Minister of Public Health
- Acting 21 September 2021 – 28 May 2024
- Prime Minister: Hasan Akhund (acting)
- Deputy: Abdul Bari Omar; Mohammad Hassan Ghiasi;
- Preceded by: Wahid Majrooh (acting)
- Succeeded by: Maulawi Noor Jalal (acting)

Personal details
- Born: 1980 (age 45–46) Marzak, Sar Hawza District, Paktika Province, Democratic Republic of Afghanistan
- Education: Nangarhar University (MD); Pakistan Institute of Medical Sciences (MS);
- Occupation: Physician; politician;
- Political affiliation: Taliban

= Qalandar Ibad =

Acting minister of public health in Afghanistan

Qalandar Ibad (Persian: ډاکټر قلندر عباد) (born; 1980) is an Afghan physician who served as the acting Minister of Public Health of Afghanistan from 21 September 2021 to 28 May 2024.

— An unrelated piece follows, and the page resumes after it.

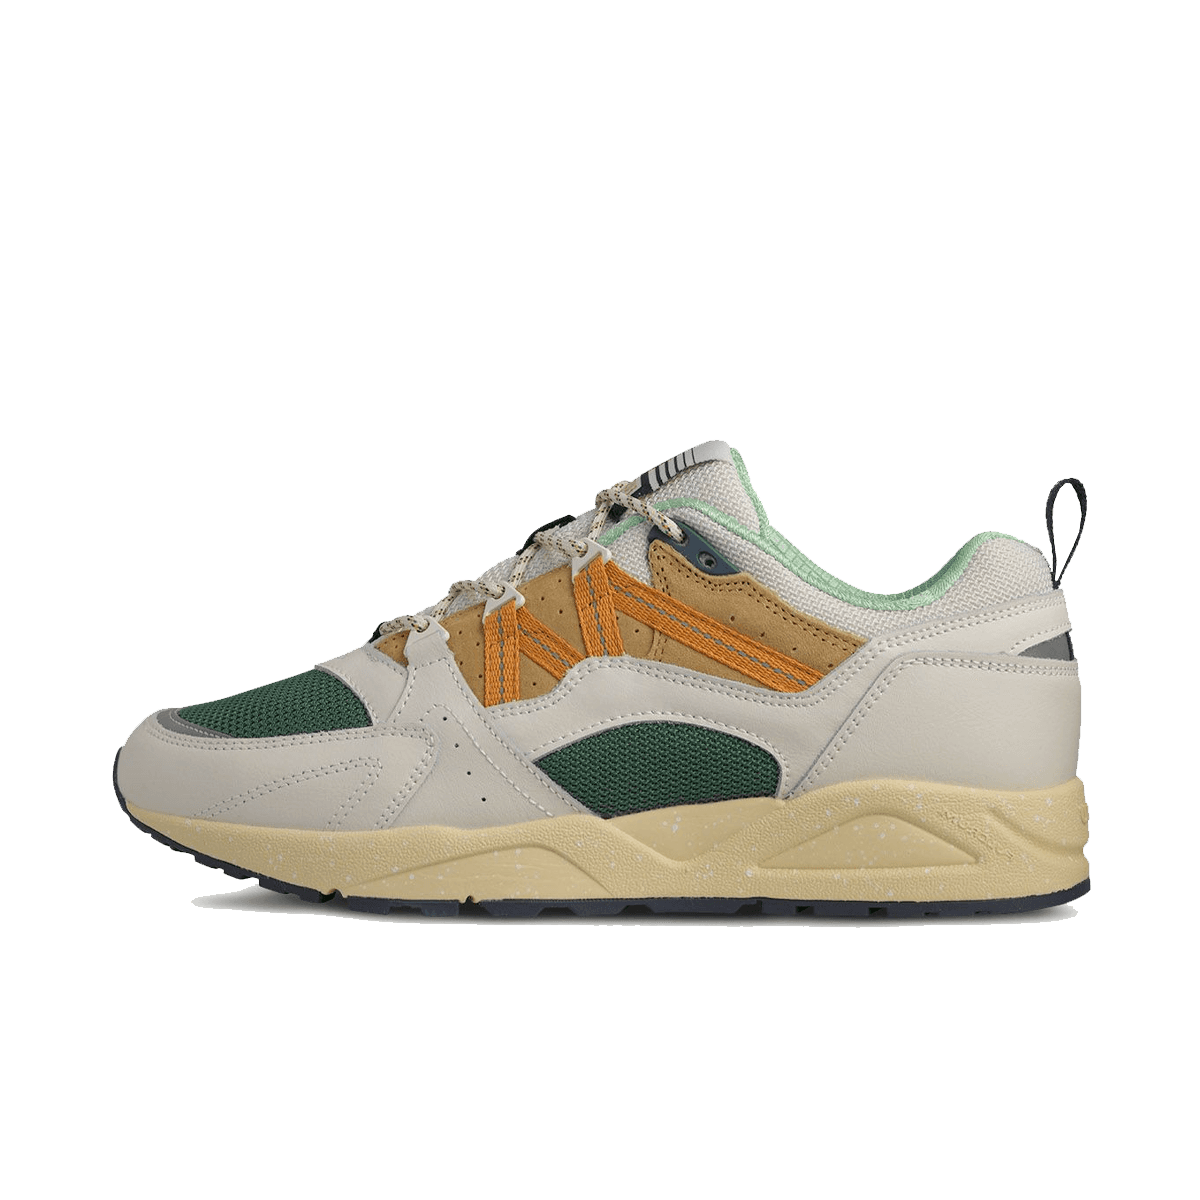 Karhu Fusion 2.0 'Lily White' - The Forest Rules

Ibad was born in 1980 in Marzak village, Sar Hawza District of Paktika province. He received his primary education in Peshawar, Pakistan. He received his medical degree (MD) from the Faculty of Medicine of Nangarhar University, and master’s in Urology from Pakistan Institute of Medical Sciences, Islamabad.